After the fencers have lined up and connected to the electrical hit display, the umpire checks their weapons. In the case of foil and épée, the fencers place their blades vertically and the chairman puts a weight on the tip of the blade, 500 grams in the case of foil, 750 grams in the case of the epee. He presses on the weight and triggers a hit display. If the compression spring of the tip is correctly tensioned, the display must then go out again. If it does not go out, it means that the weapon would also display hits below the prescribed minimum pressure. In epee fencing, the chairman also checks the so-called ignition run. In the event of a hit, the tip must be able to be depressed by at least 1 millimeter before the hit display is triggered. The chairman first checks whether his gauge with a thickness of 1.5 millimeters fits between the tip sleeve and the tip head. Then he pushes another gauge 0.5 millimeters thick in between and presses on the tip head, which now cannot be pushed in by this 0.5 millimeter all the way to the stop. The hit display must not be triggered during this check.
Then the fencers check the functionality of the electrical equipment as a whole:
Foil fencers easily come across the electrically conductive brocade vest of the opponent, which covers his valid target area. If the function is correct, the hit display "valid" must be triggered on both sides.
Saber fencers hit lightly on the electrically conductive brocade jacket or the equally conductive mask of the opponent, which covers his valid hit area. The hit display "valid" must also be triggered on both sides.
Epee fencers encounter the bell of the opposing weapon. No display may be triggered in the process.

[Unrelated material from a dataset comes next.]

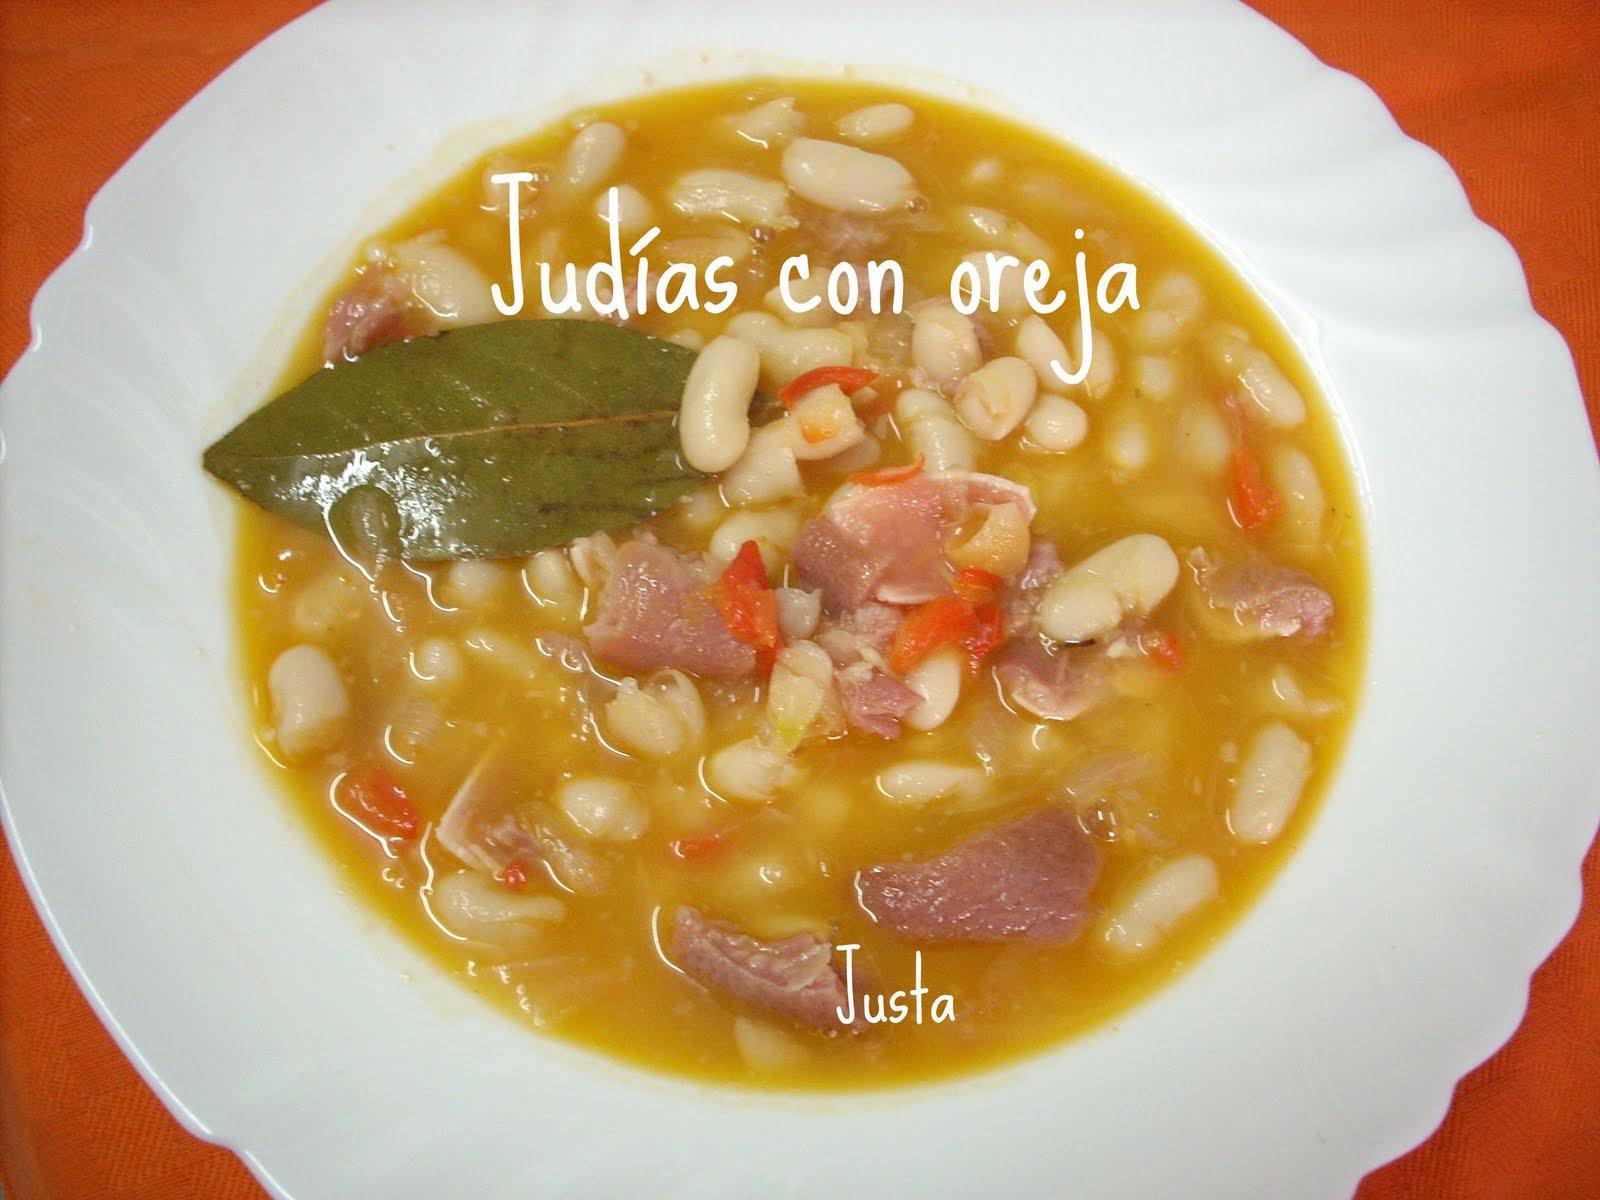 judias oreja:

If any part of the personal equipment (e.g. weapon or body cable) does not function according to the rules before the start of the bout, the fencer will receive a yellow card (warning). If the replacement does not work afterwards either, then there is a red card (penalty hit). If something breaks during the battle, there is no warning; but if the fencer in question does not have a functioning replacement ready on the track.